Идрис-Мореход
Шрифт:
Спрос на османские лиры, по мере продвижения армии Нури–паши из Гянджи в Баку, возрастает с каждым днем.
…Когда наступает вечер, и бриз вместе с запахом моря и дыма доносит с окраин эхо беспорядочной пальбы, Идрис–мореход плотно закрывает ставни всех семи окон, зажигает керосиновую лампу, чтобы дом, погруженный в размеренную тишину, покойно плыл сквозь ночь. Сидя за столом, он подолгу рассеянно следит за легким и причудливым мерцанием огня под стеклянным колпаком.
Ставни откроются лишь на рассвете, с первыми лучами солнца.
Ему некуда спешить. Часы на серебряной цепочке, почти точная копия тех, которые он когда–то продал в Константинополе, лежат теперь без движения где–то в кармане пиджака вместе со связкой
Пауза.
Выброшенный из потока времени, которое, согласно незыблемой формуле Платона, является подвижным образом вечности, оказавшись вне его смертельных стремнин, он обрел то особое сферическое зрение, без которого невозможно настоящее творчество. И пока его двойник в Гяндже все глубже погружается в монотонную рутину войны, дни и ночи Идриса Халила в Баку заполнены поэзией. Пять утра, вечера, ночи. Пять вечности. Такое однажды уже происходило с ним. Там, в Городе Царей, в убогой каморке с окном на крышу соседнего дома, когда его озябшая рука, свободная от любви и ненависти, одну за другой заполняла пустые страницы поэмы. Вот и теперь, сочиняя, он не замечает даже того, как ветреный март становится апрелем.
Кто же из них двоих подлинный? Кто, волей случая, сновидец, а кто, волею судьбы — сновидение?
Он почти закончил поэму. В ней есть Баку под рубиновым небом, и брадобрей, не умеющий читать, и дом в семь окон на восток. В ней есть самое главное — щемящее чувство человека, выброшенного на окраину событий и времени, позволяющее почти безошибочно идентифицировать автора с Идрисом Халилом — поэтом. Если это так, то он и есть подлинный мореход, не солдат, но поэт. Но как в таком случае быть с той исторической фотографией, снятой в Гяндже, где он стоит среди офицеров Первого Азербайджанского полка — второй в заднем ряду слева? И списками этого же полка, в котором значится его имя и звание? Не поэт, но солдат?
Головоломка!
Она будет продолжаться еще несколько месяцев, в течение которых солдат будет ранен в битве под Геокчаем, а поэт получит солнечный удар. Оба события произойдут в один и тот же день наступившего двойственного лета.

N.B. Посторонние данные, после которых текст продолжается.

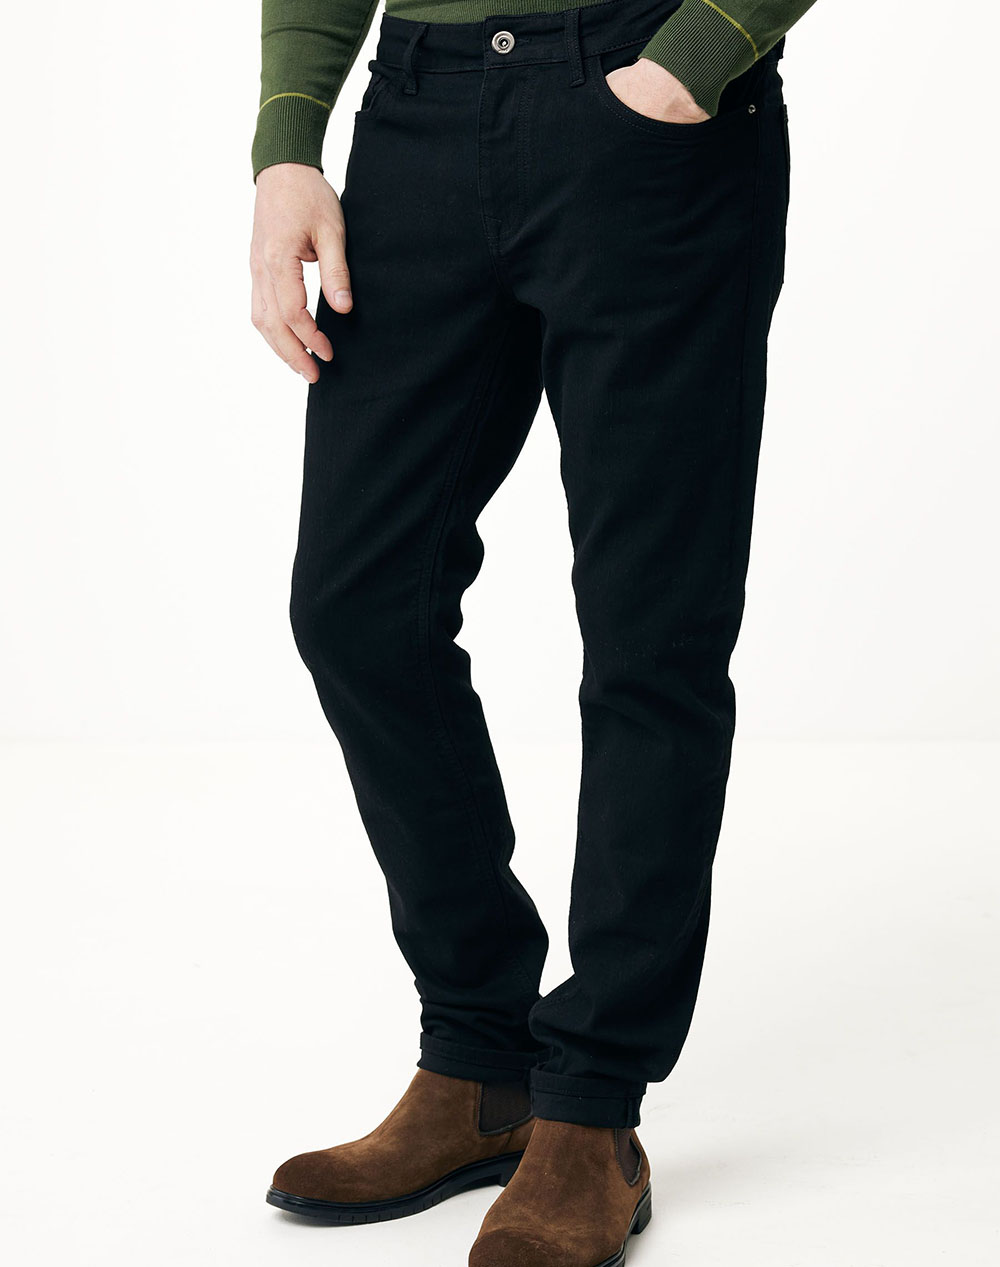 MEXX MEXX JIM Mid waist/ Tapered leg jeans BM0519036M-50054 Black

Идрис–поэт сочиняет в шелестящей тени старой смоковницы. Над ним, над растрепанными страницами рукописи — прозрачное небо, пронизанное нитями солнца. Колодец–двор, просвет среди нагромождения плоских крыш, залитых жидким стеклом знойного марева, которое волнами накатывает на город из солончаковых пустынь. И кажется, что чайки, парящие над бывшими губернаторскими купальнями и деревянной пристанью, где стоят баржи, будто чешуей покрытые отражениями сверкающей ряби, неподвижно застыли в раскаленном воздухе.
Идрис–поэт ведет вечным пером вдоль строки:
Слова, поглотив солнце, становятся золотом,
Солдатами, утонувшими в земле, моими снами.
Сплетаю слова, чтобы день стал равным ночи…
По часовой стрелке, справа налево.
Глянцевая капля крови незаметно скатывается с кончика его носа на страницу. Следом еще одна, и еще. В жару кровь быстро сворачивается, становясь похожей на пролитые чернила, и прямо посередине недоконченной строфы возникает неряшливый пунктир.
Дедушка резко поднимает отяжелевшую голову, зажимает ноздри пальцами, встает, с ужасом чувствуя, как у него темнеет в глазах.
…То ли кровь, то ли чернила. То ли сок так и не поспевших гранатов урожая лета 1918 года. Черная пунктирная линия многозначительно ползет по странице дедушкиной рукописи, указывая путь на запад, туда, где другой Идрис, Идрис–солдат, оглушенный взрывами снарядов, стоит в цветущих гранатовых садах вдоль пыльного серпантина дороги. Туда, где из дымящихся воронок веером летят комья горячей земли, где под сенью дрожащих деревьев солдаты, осыпанные розовыми лепестками, ждут своей очереди…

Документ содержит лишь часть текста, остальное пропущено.